Unnamed: 0,Farm Price,Atlanta Retail,Chicago Retail,Los Angeles Retail,NYC Retail,Avg Spread,Commodity,Date
213791,0.28,1.69,0.0,1.24,1.19,267.86%,Nectarines,2000-07-23
213792,0.26,1.61,0.0,1.37,1.19,300.96%,Nectarines,2000-07-16
213793,0.3,1.71,0.0,1.42,1.19,260.00%,Nectarines,2000-07-09
213794,0.33,1.96,0.0,0.92,1.04,196.97%,Nectarines,2000-07-02
213795,0.39,1.22,0.0,0.92,1.19,113.46%,Nectarines,2000-06-25


In [7]:
produce_df.index = pd.to_datetime(produce_df['Date'])

In [8]:
produce_df.drop(columns=['Date'], inplace=True)

In [9]:
conn.close()

# Cleaning Data and Adding Features
Want to update all prices to reflect 2019 dollars (adjust for inflation), and will be taking an average for all retail prices. A dataframe with mean annual farm prices, mean annual average retail, standard deviations, and year as an index will be created.

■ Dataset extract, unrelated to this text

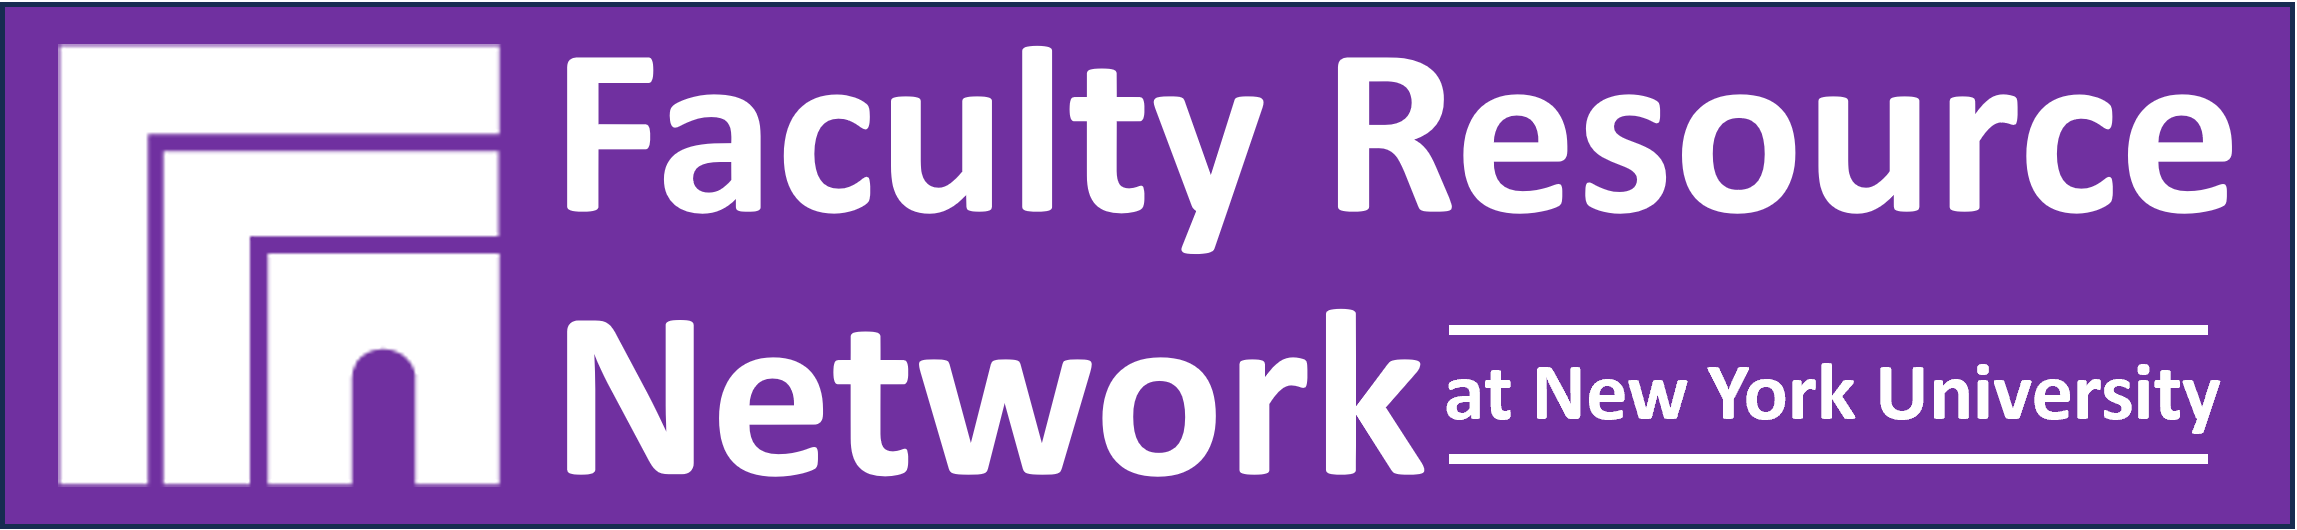 Faculty Resource Network Logo

Since this needs to be done by commodity, I am also going to make a dictionary that holds data frames by commodity, produce_dict. So for example, typing ``produce_dict['Strawberries']`` will return a dataframe concerning only strawberries.

In [10]:
produce_list = list(produce_df['Commodity'].unique())
produce_list

['Strawberries',
 'Romaine Lettuce',
 'Red Leaf Lettuce',
 'Potatoes',
 'Oranges',
 'Iceberg Lettuce',
 'Green Leaf Lettuce',
 'Celery',
 'Cauliflower',
 'Carrots',
 'Cantaloupe',
 'Broccoli Crowns',
 'Avocados',
 'Broccoli Bunches',
 'Asparagus',
 'Flame Grapes',
 'Thompson Grapes',
 'Honeydews',
 'Tomatoes',
 'Plums',
 'Peaches',
 'Nectarines']

In [11]:
# making a quick funciton to use for git
def git(message):
    '''Function adds, commits with message, and pushes to github'''
    !git add .
    !git commit -m f'{message}'
    !git push origin master

In [12]:
git('cleaning notebook')

[master a3f8fd8] fcleaning notebook
 6 files changed, 409 insertions(+), 3177 deletions(-)
 rewrite notebooks/01_exploration/.ipynb_checkpoints/EDA-checkpoint.ipynb (99%)
 rename notebooks/01_exploration/.ipynb_checkpoints/{EDA_LB-checkpoint.ipynb => EDA_LB0-checkpoint.ipynb} (100%)
 copy notebooks/01_exploration/.ipynb_checkpoints/{EDA-checkpoint.ipynb => EDA_LB1-checkpoint.ipynb} (100%)
 rewrite notebooks/01_exploration/EDA.ipynb (99%)
 rename notebooks/01_exploration/{EDA_LB.ipynb => EDA_LB0.ipynb} (100%)
 copy notebooks/01_exploration/{EDA.ipynb => EDA_LB1.ipynb} (99%)
Enumerating objects: 14, done.
Counting objects: 100% (14/14), done.
Delta compression using up to 4 threads
Compressing objects: 100% (8/8), done.
Writing objects: 100% (8/8), 1.38 KiB | 1.38 MiB/s, done.
Total 8 (delta 4), reused 0 (delta 0)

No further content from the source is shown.